Disclosure: Artikel tamu ini ditulis oleh Chief Marketing Officer Dreamhub Duan Akelyaman. Dreamhub adalah layanan coworking space yang menyediakan one-solution untuk membantu perusahaan membangun bisnis.

Mengedepankan Pasar Lokal: Presiden Tokopedia Patrick Cao Berbicara tentang Rencana IPO dan Strategi Bisnis

Platform e-commerce terbesar di Indonesia, Tokopedia, memasuki dekade keduanya. Di ulang tahun ke-10, perusahaan menyatakan ambisinya untuk menjadi “super ecosystem” untuk konsumer dan bisnis lokal. Berdasarkan riset terbaru oleh LPEM FEB UI, Tokopedia diproyeksi akan berkontribusi sebanyak $12 miliar pada ekonomi Indonesia tahun ini, dari sisi nilai transaksi, lapangan kerja, serta meningkatnya pemasukan penjual di seluruh pelosok.

Perusahaan membuat gempar dengan pernyataan CEO dan Co-foundernya, William Tanuwijaya, tentang rencana mereka untuk IPO dalam beberapa tahun ke depan. Hal ini diterima dengan baik oleh publik serta para analis, melihat rekam jejak positif perusahaan dalam dunia ekonomi digital Indonesia. Hal ini diharapkan bisa mengajak perusahaan lain untuk mengikuti jejaknya.

KrASIA belum lama ini berbincang dengan Presiden Tokopedia, Patrick Cao untuk berdiskusi mengenai strategi bisnis perusahaan dan detail persiapan IPO.

KrASIA (Kr): William mengungkapkan di depan publik bahwa Tokopedia akan lebih fokus “go local” daripada berlomba-lomba dengan pemain lain untuk ke pasar internasional. Bisakah Anda menjelaskan sedikit tentang hal ini?

Patrick Cao (PC): Usaha Kecil Menengah (UKM) adalah tulang punggung ekonomi Indonesia. Sekarang, terdapat lebih dari 60 juta UKM di negara ini, dan kami berkontribusi untuk memberdayakan sekitar 6,6 juta bulan lalu. Selain membantu UKM yang sudah ada, kami juga menyalurkan gelombang baru UKM melalui platform ini. Menurut riset terbaru LPEM FEB UI, Tokopedia telah menciptakan 857.000 lapangan pekerjaan baru, mulai dari penjual aktif dari Aceh hingga Papua, sama dengan 10,3% dari total lapangan pekerjaan baru di Indonesia pada tahun 2018.
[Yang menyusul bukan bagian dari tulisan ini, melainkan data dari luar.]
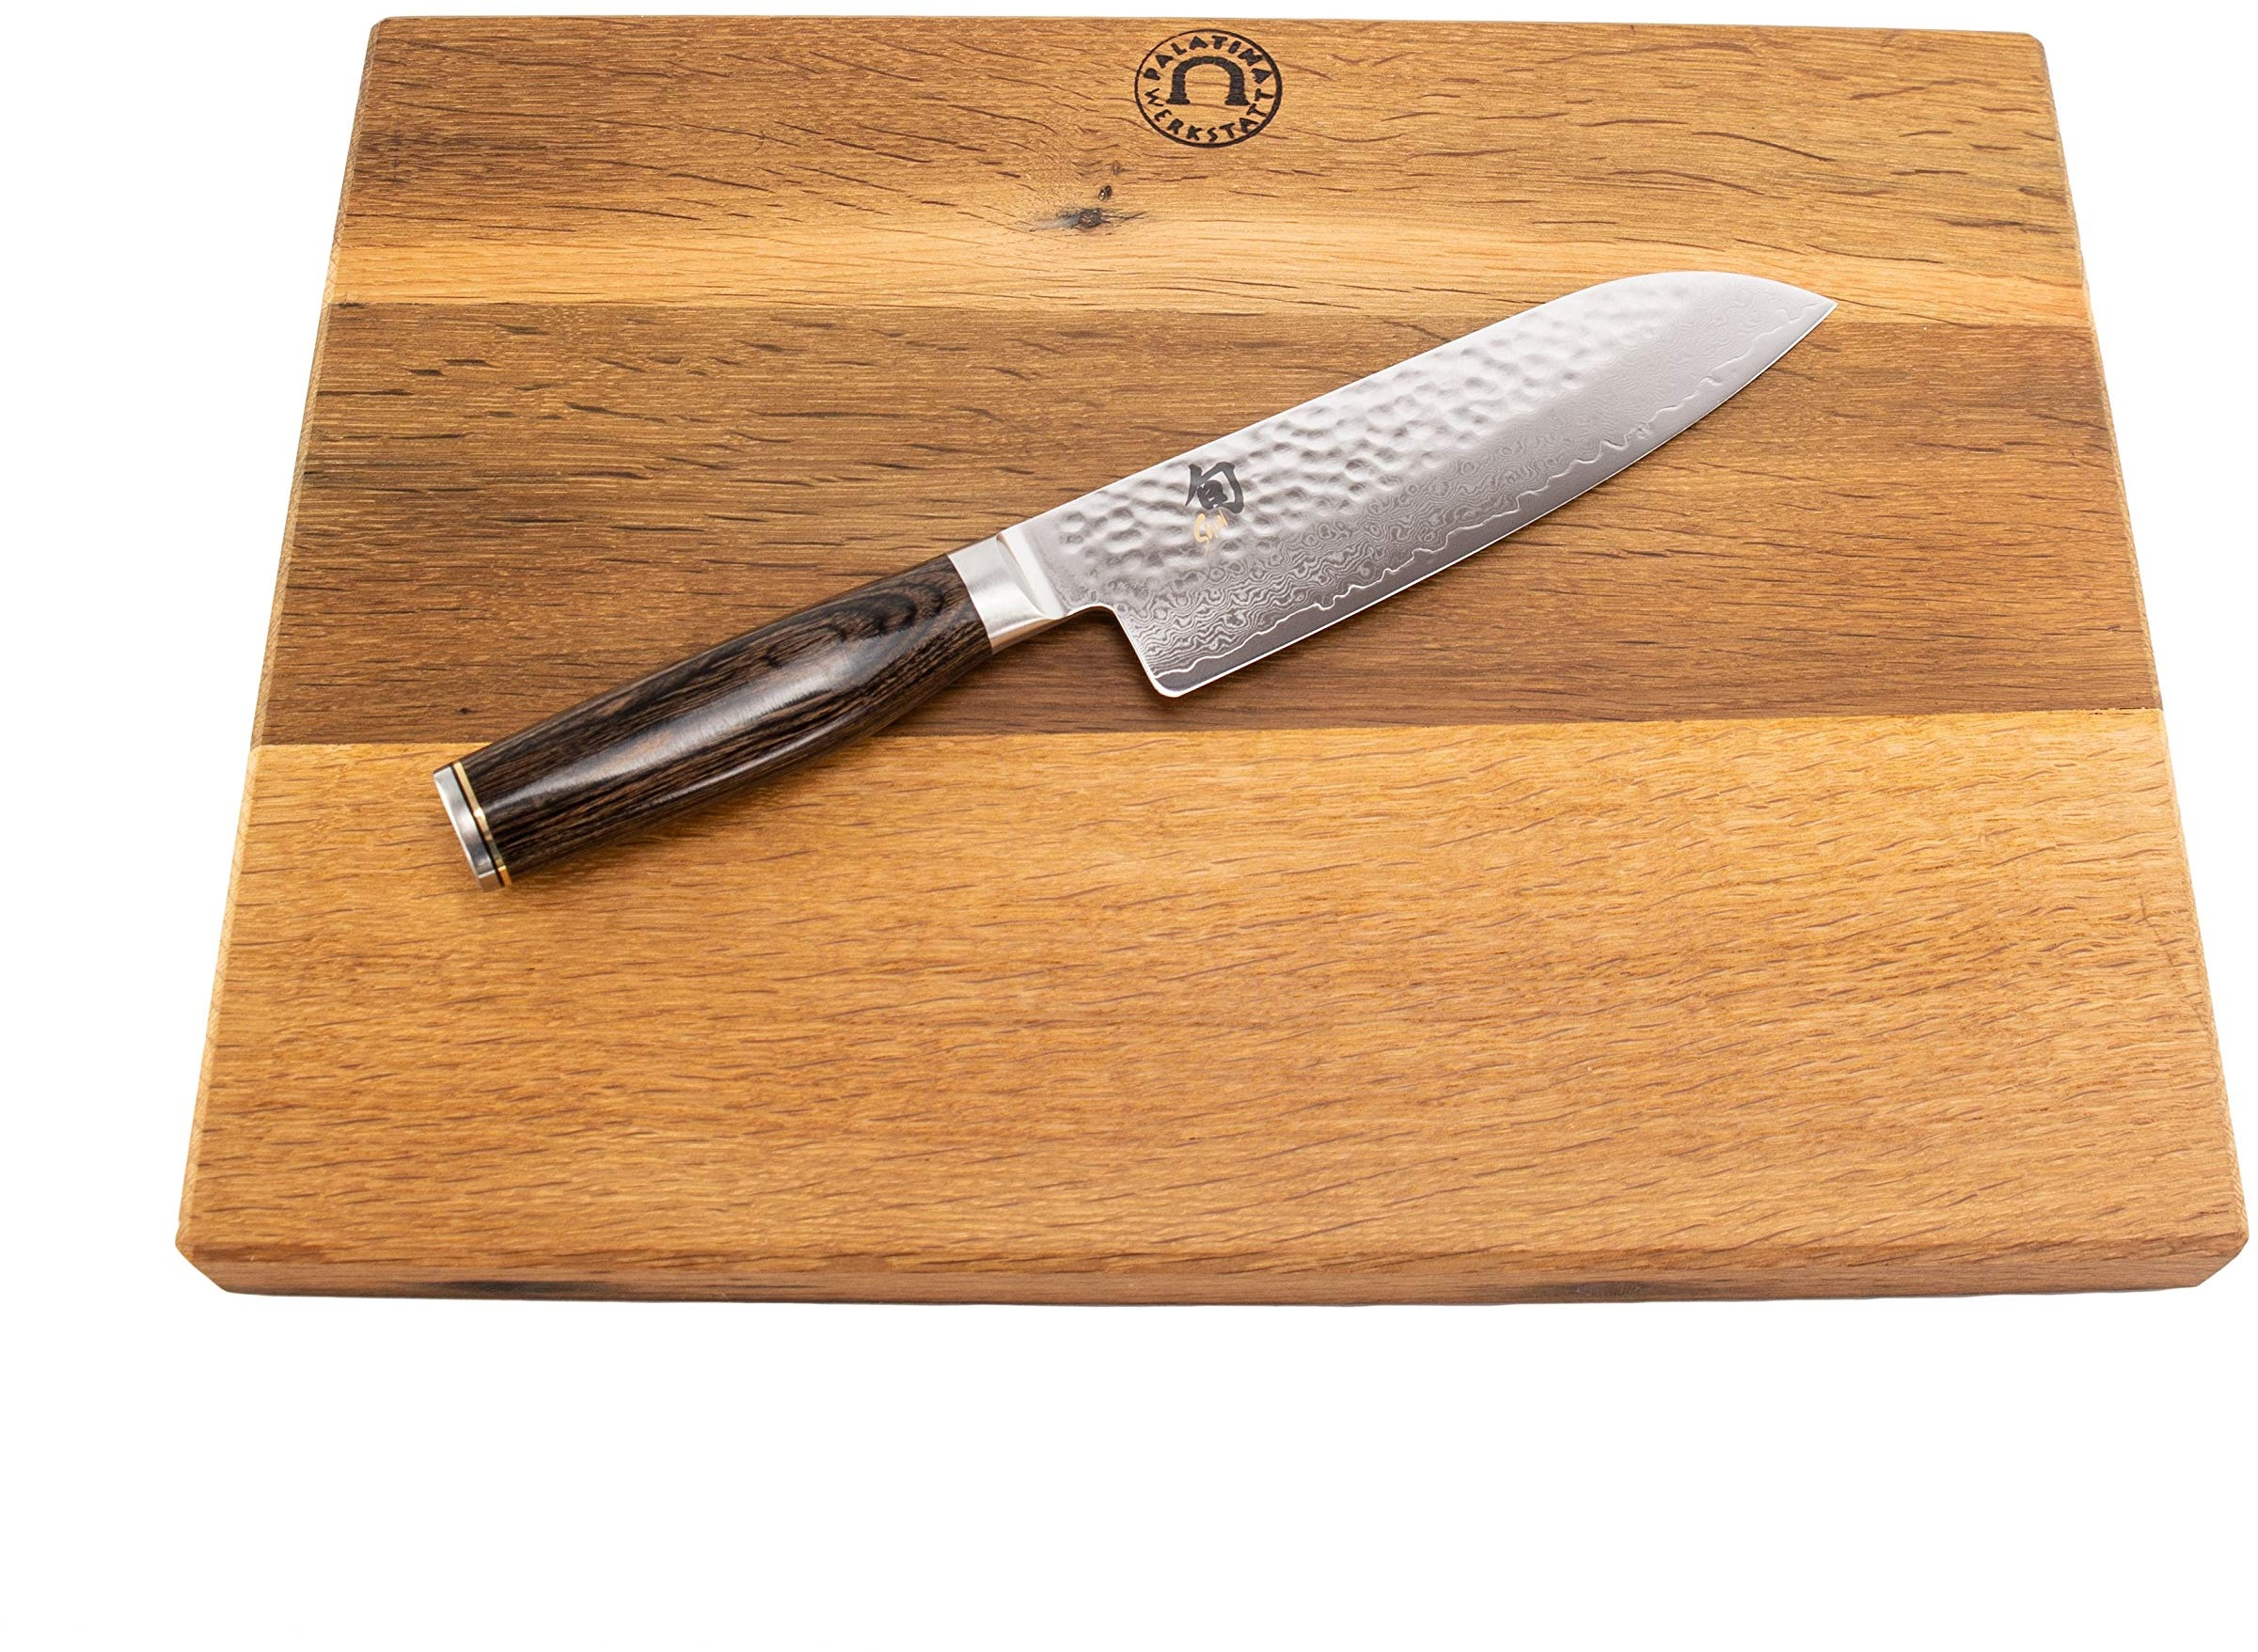 Kai Shun Messer Angebotsset – Tim Mälzer Messer Premier Serie - Santoku TDM 1702 – ultrascharfes japanisches Messer + 100% handgefertigtes Schneidebrett Unikat

Saat ini kami memiliki 350.000 partner toko yang juga disebut Mitra. Kami mengembangkan teknologi dan platform untuk menyediakan layanan tambahan untuk mereka. Misalnya, kami membantu pengadaan lebih cepat melalui fitur grosir, dan menyediakan modal kerja untuk mempermudah mereka menambah inventaris. Kami membuat desain Mitra Tokopedia sederhana agar lebih mudah dicerna. Setelah satu tahun, aplikasi ini telah diunduh lebih dari dua juta pengguna Android.

Aplikasi Mitra Tokopedia / Tokopedia
Aplikasi Mitra Tokopedia / Tokopedia

Kr: Apakah perusahaan bekerja sama dengan pemerintah setempat terkait hal itu?
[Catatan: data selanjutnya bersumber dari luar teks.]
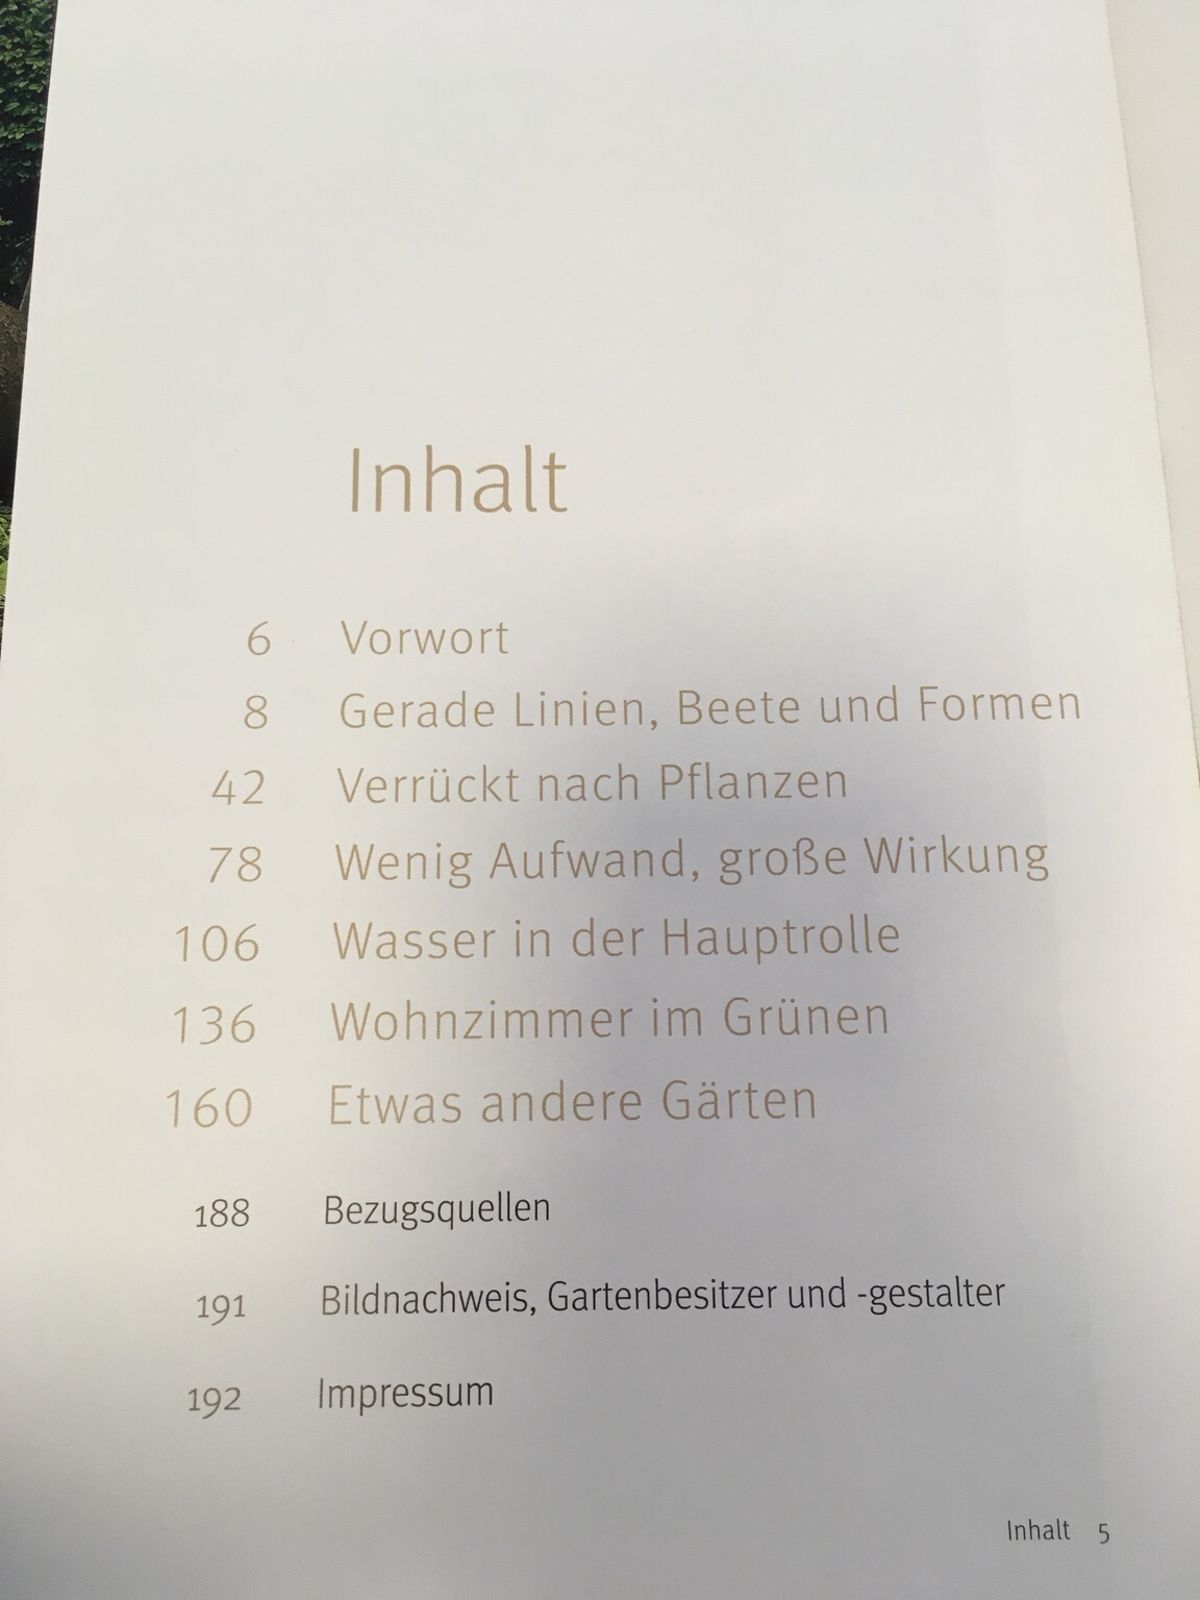 Gartenbeispiele Schön Buch 50 Kleine Gärten Von 20 Bis 150 Qm In 4911 Tumeltsham

PC: Ya, kami sadar bahwa konsumer di desa kecil punya kebutuhan dan preferensi yang berbeda dengan konsumer yang berada di Jakarta, jadi kami melakukan personalisasi layanan untuk mereka. Bagi UKM, kami menyiapkan Tokopedia Center di setiap berbagai area dan desa terpencil. Sebuah pusat belajar dan pengalaman digital dimana UKM bisa belajar bagaimana berperan sebagai merchant, bagaimana mengelola aplikasi, membuat transaksi online-to-offline (O2O), menggunakan pembayaran serta layanan finansial digital, dan lainnya. Baru-baru ini, kami telah bekerja sama dengan pemerintah Jawa Barat untuk memperluas akses pemberdayaan ke area terpencil melalui beragam inisiatif, salah satunya adalah membuka Tokopedia Center di sebuah desa bernama Sukanagara. Kami sudah merencanakan untuk membangun dalam jumlah besar selama dua tahun ke depan.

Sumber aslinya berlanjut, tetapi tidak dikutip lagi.